FILM ELEMENTS
DCTLS
INTRODUCTION
The “Film Elements” pack contains four DCTLs designed to simulate key characteristics of analog film. These tools allow you to add subtle imperfections and visual effects that bring a vintage, filmic aesthetic to your footage.
FILM DIRT
DCTL
Film Dirt refers to dust particles and smudges that settle on the film surface during shooting, processing, or scanning. These particles can become embedded in the film or stick to it as it moves through various stages of handling. When the film is digitized, these imperfections become visible in the image, appearing as dark or white specks, depending on how the light interacts with the debris.
VIGNETTE
DCTL
Vignetting is an optical effect where the brightness of an image fades gradually toward the edges, typically due to the physical limitations of lenses or the use of wide apertures.
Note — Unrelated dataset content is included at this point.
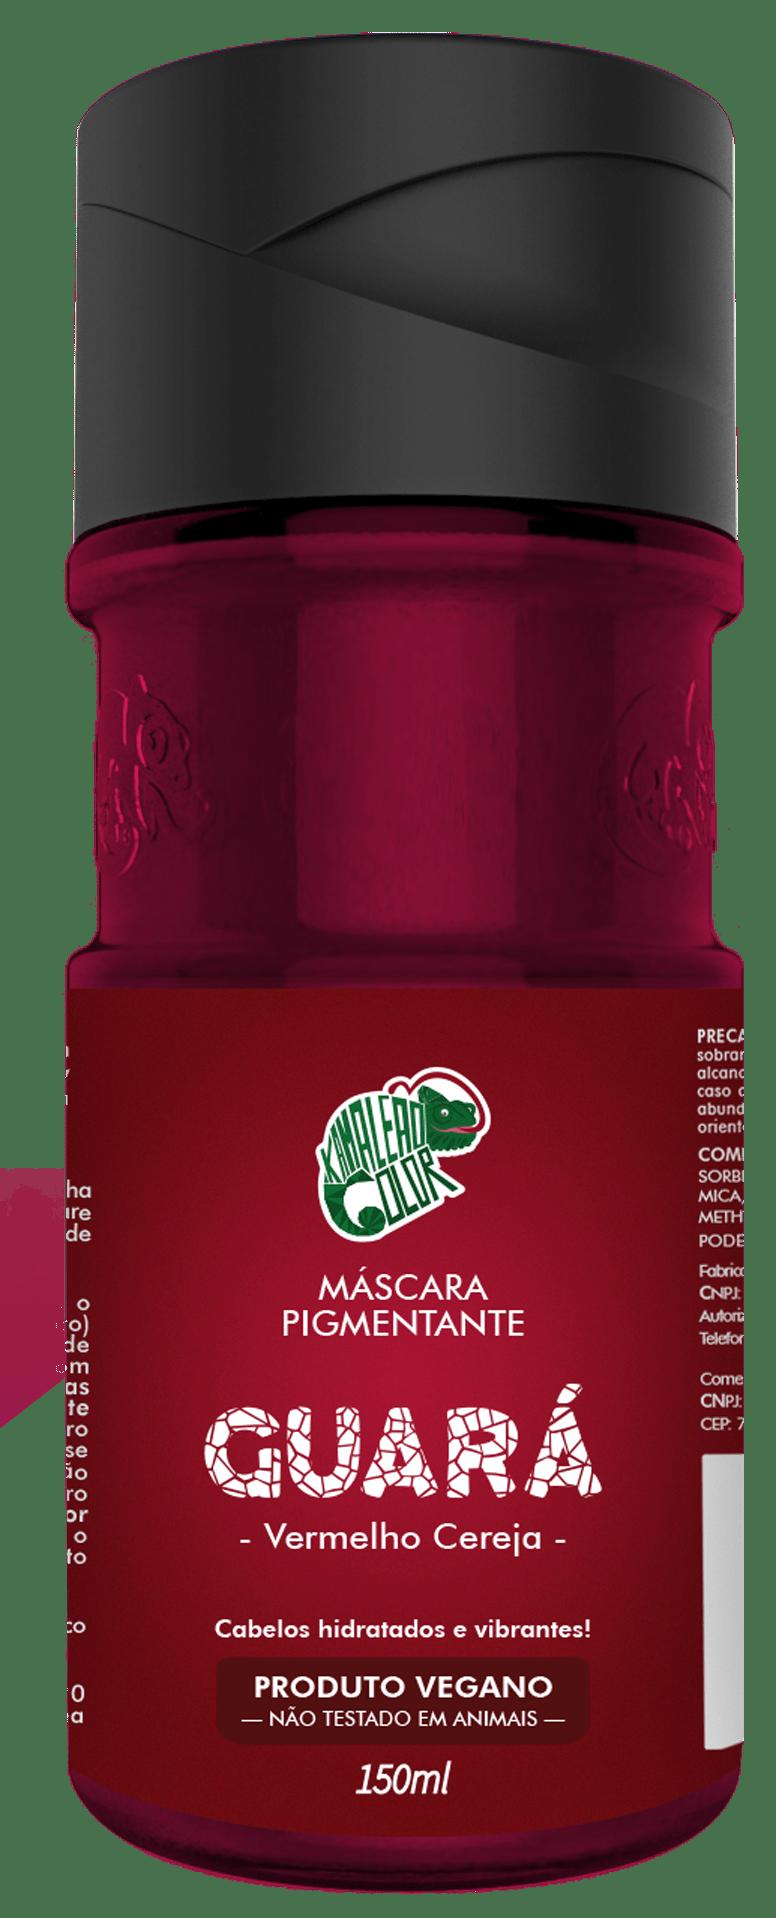 Máscara Pigmentante Guará Kamaleão Color Cereja
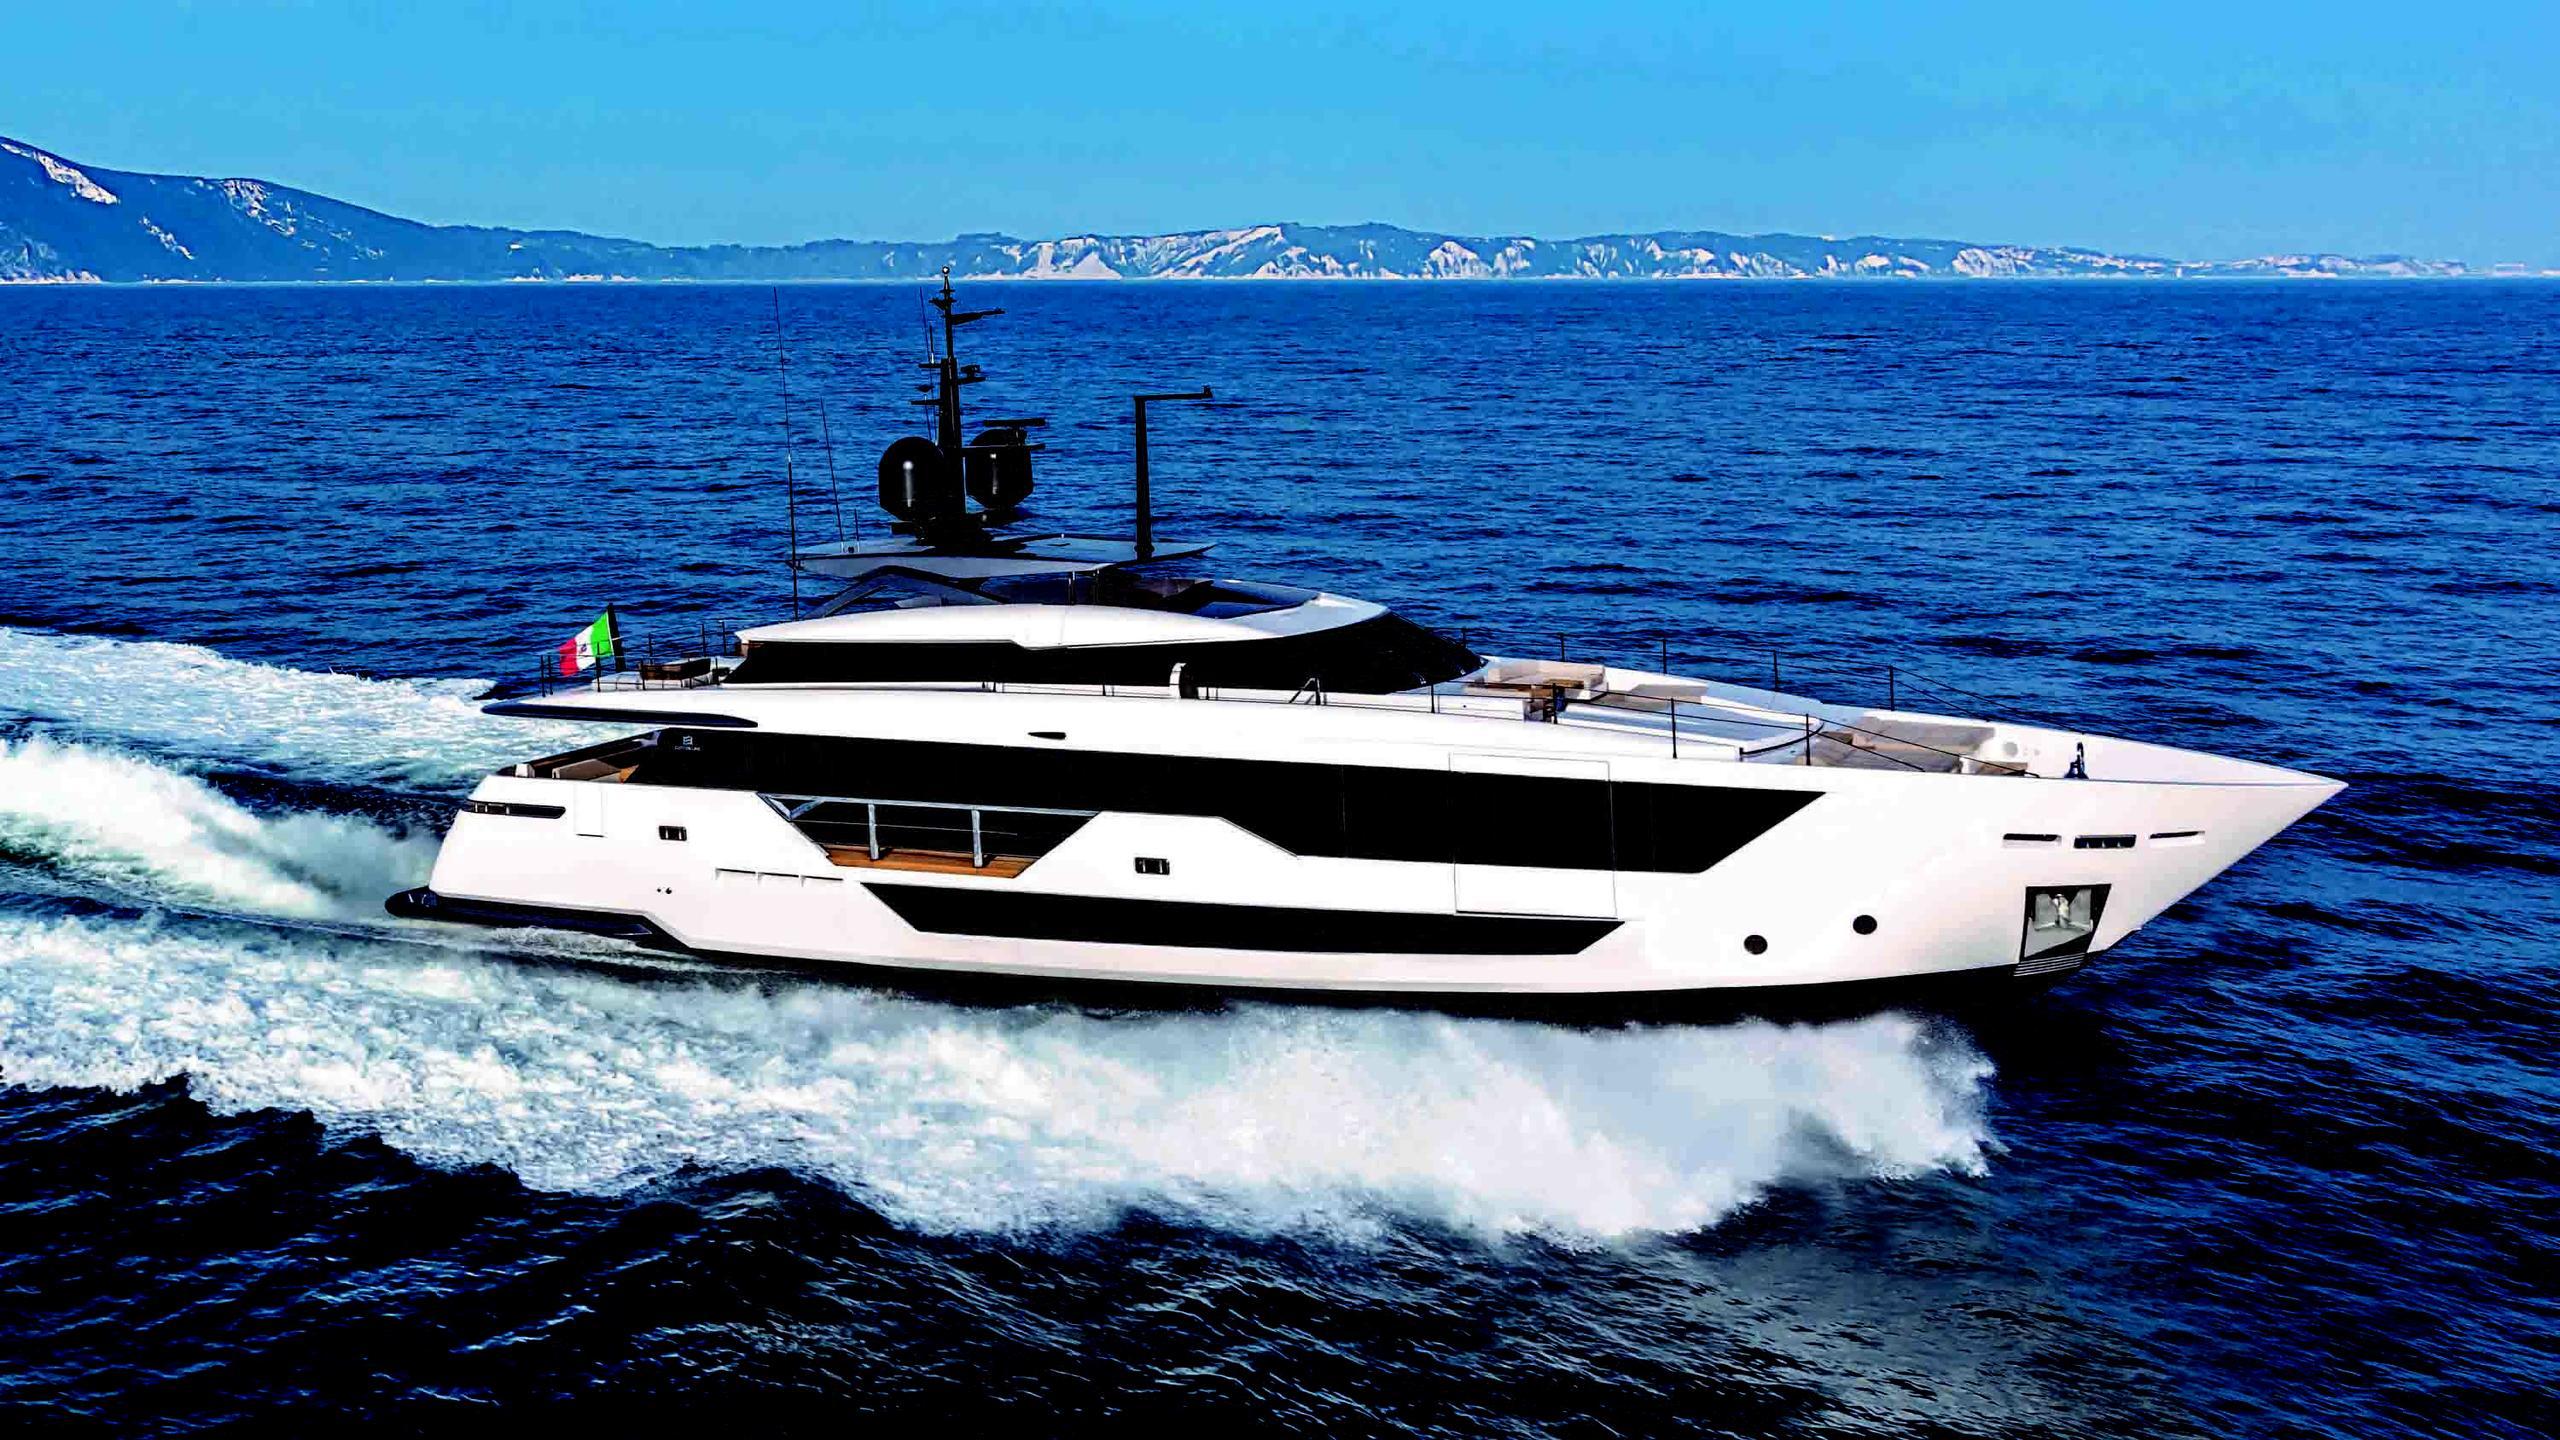 iv-dreams-motoryacht-ferretti-custom-line-106-33m-2019-half-profile

In older or less corrected lenses, the light doesn’t distribute evenly across the entire image plane, resulting in darker corners and a naturally brighter center. This falloff directs the viewer’s focus toward the middle of the frame, giving images a more cinematic, centered composition. It can also be intentionally introduced to recreate the aesthetic of vintage lenses or older film stocks.
HALATION
DCTL
Halation is an optical phenomenon that occurs when intense light hits the emulsion layer of film, scattering through the base layer and reflecting back into the image. This causes a red or orange glow to appear around high-contrast edges, especially near bright light sources. The effect is more pronounced with thinner emulsion layers in film stocks, which struggle to contain the light, resulting in this distinctive halo.
CHROMATIC ABERRATION
DCTL
Chromatic Aberration occurs due to the inability of a lens to focus all wavelengths of light onto the same point. This happens because different wavelengths refract at slightly different angles when passing through the lens elements. As a result, you get color fringing—typically red, green, or blue—around high-contrast edges or at the image periphery. This optical imperfection is most common with cheaper lenses or wide-open apertures and contributes to the organic, imperfect feel of vintage optics.
FREE DEMO
INSTALL GUIDELINES
- Open “Project Settings.”
- Go to “Color Management” and choose “Open LUT Folder.”
- Drag and drop the folders with the DCTL files into this directory.
- Restart DaVinci Resolve to apply the changes.